Başkentin gelecek hafta en önemli gündemi okullar, öğrenciler ve trafik olacak.
Herkesin kafasında şimdiden;
"Okullar açılınca trafik ne olacak?" sorusu var. Mesai başlangıcında ve sonunda zaten felç olan ana arterler okullar ve servislerle birlikte daha da zorlaşacak görünüyor.
Hele bazı sokaklardaki gereksiz ve zamansız kaldırım yenilemeleri ve asfalt çalışmaları için bulundurulan iş makineleri trafiği tıkamaya zaten yetiyor.
***
Sadece trafik değil derdimiz. Eğitim öğretim bizim memleketimizin en önemli meselesidir. Niye derseniz; bizimle çok oynadılar. Ülkemizle uğraşanların, ülkemizin geleceği ile ilgili hesap yapanların ilk hedefi daima okullar öğrenciler olmuştur. Bu her zaman böyle olmuştur.
İdeolojik kamplaşmalar ilk önce okullarda başlatılmış memleket evlatları birbirine düşürülmüştür. Ülkemizdeki yabancı okulların durumu da bize eğitimin nasıl ve neden hedef olduğunun ipuçlarını verir. Siz istediğiniz kadar "Kolejde okuyorlar, yabancı dil öğreniyorlar" diye çocuklarınıza kaliteli bir eğitim imkânı sağladığınızı düşünün.
Başkaları bunu hep kullandılar. "Robert kolejler, Amerikan Bord, Fulbright Komisyonları" nedir, nasıl rol oynamışlardır ülkenin geleceğinde yeniden bakmak lazım?!
Aynı çevreler sonra sağlık sektörünü seçmişler çünkü eğitim gibi sağlık da çok önemli..
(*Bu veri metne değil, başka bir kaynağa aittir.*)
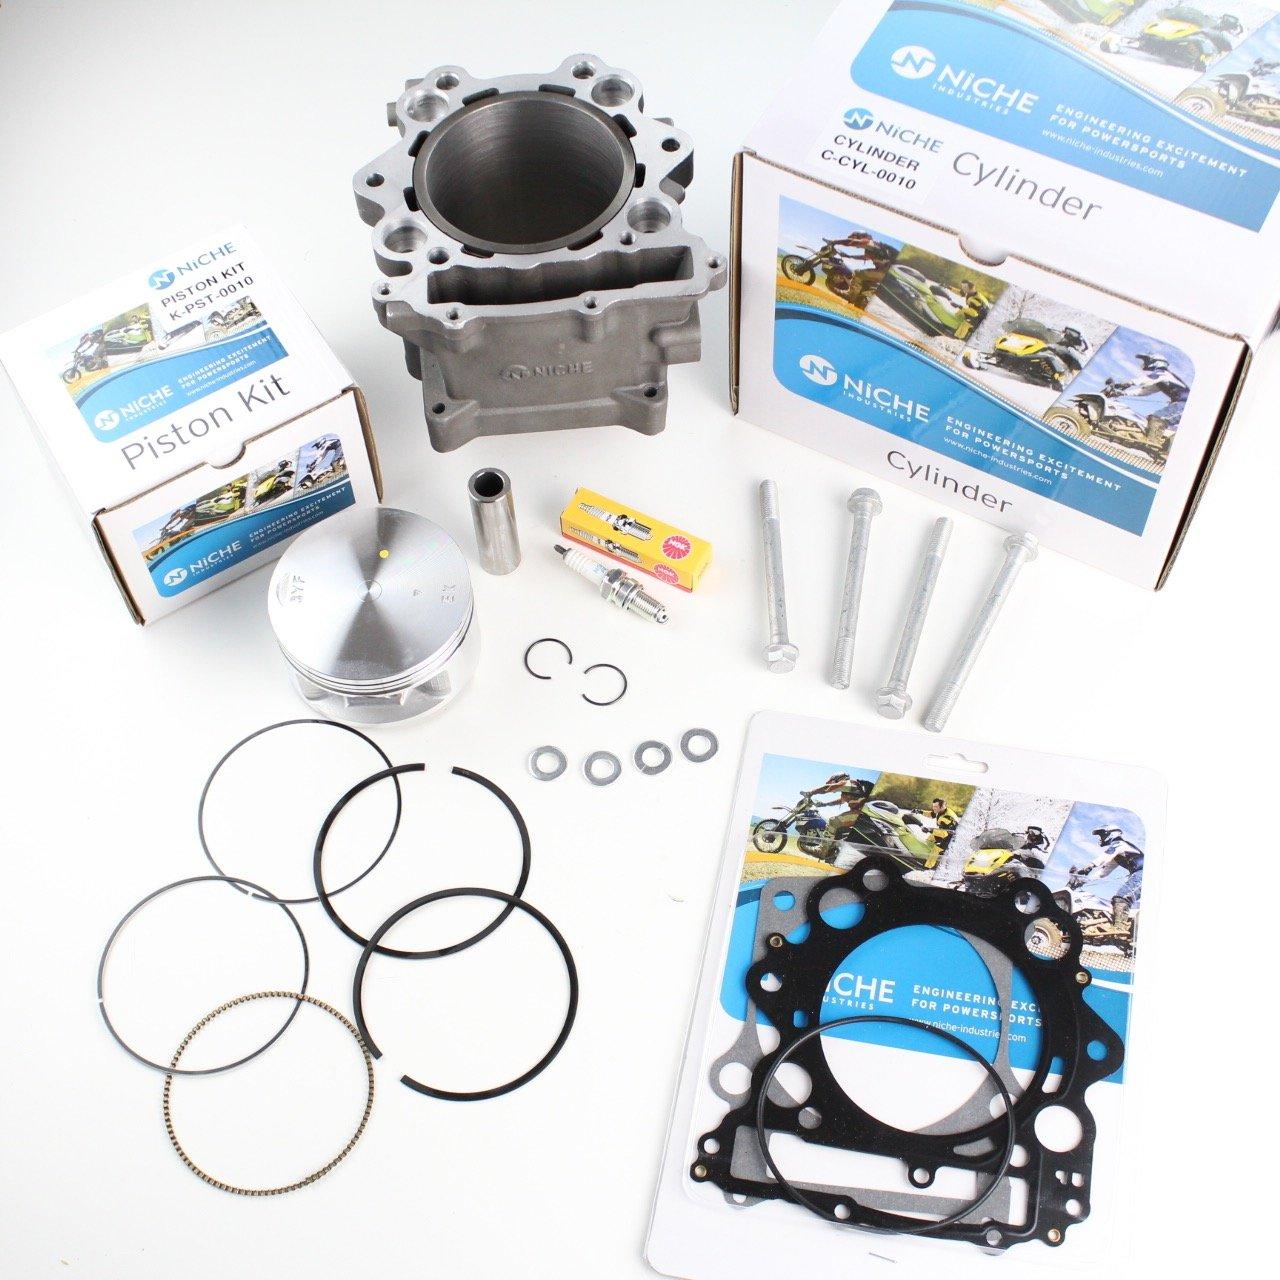 NICHE 686cc 102mm Big Bore Cylinder Piston Gasket Kit for Yamaha Rhino 660 2004-2007 Niche Industries

FETÖ'nün de ilk önce bu iki sektörü seçip hastaneler ve dershanelerle işe (!) başlaması bundandır. Herkesin çocuğu önemlidir, herkes çocuğuna iyi bir eğitim verebilmek için imkânlarını seferber etmektedir; "Cahil kalmasın, kendini kurtarsın" dır amaç.. Ama gelin görün "eğitimci-sağlıkçı" ve son yıllarda "gazeteci kimlikli yıkıcı faaliyet elemanlarının nice gizli işler içinde bulundukları ortaya çıkmıştır.
***
18 Eylül'de 18 milyon öğrenci okulda olacak. Her yıl 1 milyon civarında çocuğun okula başladığını biliyoruz. Ankara'da 3 bine yakın okulda -okul öncesi dâhil- 1 milyonun üzerinde öğrenci ve 80 bin öğretmen ile pazartesi okula koşacaklar, ama nasıl? Okula gitmeleri, dönmeleri, kullanacakları malzeme, giyecekleri, yiyecekleri hepsi aileleri düşündürüyor. Romanya'nın 19 milyon, Yunanistan'ın 11 milyon, Bulgaristan'ın 7 milyon nüfusuyla kıyaslayarak 20 milyon öğrencimizin öğrenciye, veliye, yöneticiye, eğitimciye, siyasetçiye nasıl bir sorumluluk yüklediği apaçık ortadadır.
Hayırlı olsun diyelim, tüm kesimlere kolaylıklar dileyelim ve çocuklarımızın yeni dönemi kazasız belasız tamamlamaları için dua edelim.
Bu satırların yazarı çocukların güvenliği ve okul yöneticilerinin sorumluluğu noktasında bilhassa takipçi olacak.